- **About this exercise**
From the first entry to the last, copy the material exactly as it stands.

- **Data**
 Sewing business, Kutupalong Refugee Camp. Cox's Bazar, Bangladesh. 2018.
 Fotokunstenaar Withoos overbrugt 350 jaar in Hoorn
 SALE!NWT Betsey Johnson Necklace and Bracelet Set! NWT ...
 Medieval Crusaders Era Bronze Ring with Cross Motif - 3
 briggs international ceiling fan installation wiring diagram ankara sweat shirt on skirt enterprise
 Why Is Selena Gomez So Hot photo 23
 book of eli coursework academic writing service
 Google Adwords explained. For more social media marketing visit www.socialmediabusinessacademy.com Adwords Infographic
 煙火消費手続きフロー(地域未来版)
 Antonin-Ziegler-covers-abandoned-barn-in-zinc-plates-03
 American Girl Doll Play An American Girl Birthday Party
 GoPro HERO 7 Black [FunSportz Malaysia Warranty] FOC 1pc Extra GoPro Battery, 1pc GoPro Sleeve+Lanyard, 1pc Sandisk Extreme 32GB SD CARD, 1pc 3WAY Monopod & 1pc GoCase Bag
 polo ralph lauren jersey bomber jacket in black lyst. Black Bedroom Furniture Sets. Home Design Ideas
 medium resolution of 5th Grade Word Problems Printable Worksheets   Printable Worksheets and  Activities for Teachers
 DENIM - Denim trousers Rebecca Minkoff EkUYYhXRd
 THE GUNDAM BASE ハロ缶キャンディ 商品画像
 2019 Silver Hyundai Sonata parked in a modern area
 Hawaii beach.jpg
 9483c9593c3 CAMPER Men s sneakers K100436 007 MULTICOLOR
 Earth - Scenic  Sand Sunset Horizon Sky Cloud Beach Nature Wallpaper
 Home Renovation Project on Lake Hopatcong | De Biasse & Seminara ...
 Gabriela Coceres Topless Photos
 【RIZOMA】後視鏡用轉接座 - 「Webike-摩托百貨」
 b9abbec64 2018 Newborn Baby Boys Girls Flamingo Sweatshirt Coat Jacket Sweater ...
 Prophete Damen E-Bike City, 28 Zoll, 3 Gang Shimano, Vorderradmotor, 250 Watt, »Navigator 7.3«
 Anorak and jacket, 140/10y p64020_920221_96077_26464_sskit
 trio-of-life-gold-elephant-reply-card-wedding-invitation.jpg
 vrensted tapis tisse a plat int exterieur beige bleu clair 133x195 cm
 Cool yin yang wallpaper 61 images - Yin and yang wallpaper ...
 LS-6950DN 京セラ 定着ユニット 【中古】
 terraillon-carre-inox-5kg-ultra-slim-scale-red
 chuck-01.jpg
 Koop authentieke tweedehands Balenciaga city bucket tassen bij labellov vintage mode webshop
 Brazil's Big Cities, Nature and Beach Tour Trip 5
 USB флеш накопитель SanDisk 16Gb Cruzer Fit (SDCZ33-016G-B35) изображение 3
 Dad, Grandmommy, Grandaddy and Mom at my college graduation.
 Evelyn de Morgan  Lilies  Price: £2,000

- **The completed task**
 Sewing business, Kutupalong Refugee Camp. Cox's Bazar, Bangladesh. 2018.
 Fotokunstenaar Withoos overbrugt 350 jaar in Hoorn
 SALE!NWT Betsey Johnson Necklace and Bracelet Set! NWT ...
 Medieval Crusaders Era Bronze Ring with Cross Motif - 3
 briggs international ceiling fan installation wiring diagram ankara sweat shirt on skirt enterprise
 Why Is Selena Gomez So Hot photo 23
 book of eli coursework academic writing service
 Google Adwords explained. For more social media marketing visit www.socialmediabusinessacademy.com Adwords Infographic
 煙火消費手続きフロー(地域未来版)
 Antonin-Ziegler-covers-abandoned-barn-in-zinc-plates-03
 American Girl Doll Play An American Girl Birthday Party
 GoPro HERO 7 Black [FunSportz Malaysia Warranty] FOC 1pc Extra GoPro Battery, 1pc GoPro Sleeve+Lanyard, 1pc Sandisk Extreme 32GB SD CARD, 1pc 3WAY Monopod & 1pc GoCase Bag
 polo ralph lauren jersey bomber jacket in black lyst. Black Bedroom Furniture Sets. Home Design Ideas
 medium resolution of 5th Grade Word Problems Printable Worksheets   Printable Worksheets and  Activities for Teachers
 DENIM - Denim trousers Rebecca Minkoff EkUYYhXRd
 THE GUNDAM BASE ハロ缶キャンディ 商品画像
 2019 Silver Hyundai Sonata parked in a modern area
 Hawaii beach.jpg
 9483c9593c3 CAMPER Men s sneakers K100436 007 MULTICOLOR
 Earth - Scenic  Sand Sunset Horizon Sky Cloud Beach Nature Wallpaper
 Home Renovation Project on Lake Hopatcong | De Biasse & Seminara ...
 Gabriela Coceres Topless Photos
 【RIZOMA】後視鏡用轉接座 - 「Webike-摩托百貨」
 b9abbec64 2018 Newborn Baby Boys Girls Flamingo Sweatshirt Coat Jacket Sweater ...
 Prophete Damen E-Bike City, 28 Zoll, 3 Gang Shimano, Vorderradmotor, 250 Watt, »Navigator 7.3«
 Anorak and jacket, 140/10y p64020_920221_96077_26464_sskit
 trio-of-life-gold-elephant-reply-card-wedding-invitation.jpg
 vrensted tapis tisse a plat int exterieur beige bleu clair 133x195 cm
 Cool yin yang wallpaper 61 images - Yin and yang wallpaper ...
 LS-6950DN 京セラ 定着ユニット 【中古】
 terraillon-carre-inox-5kg-ultra-slim-scale-red
 chuck-01.jpg
 Koop authentieke tweedehands Balenciaga city bucket tassen bij labellov vintage mode webshop
 Brazil's Big Cities, Nature and Beach Tour Trip 5
 USB флеш накопитель SanDisk 16Gb Cruzer Fit (SDCZ33-016G-B35) изображение 3
 Dad, Grandmommy, Grandaddy and Mom at my college graduation.
 Evelyn de Morgan  Lilies  Price: £2,000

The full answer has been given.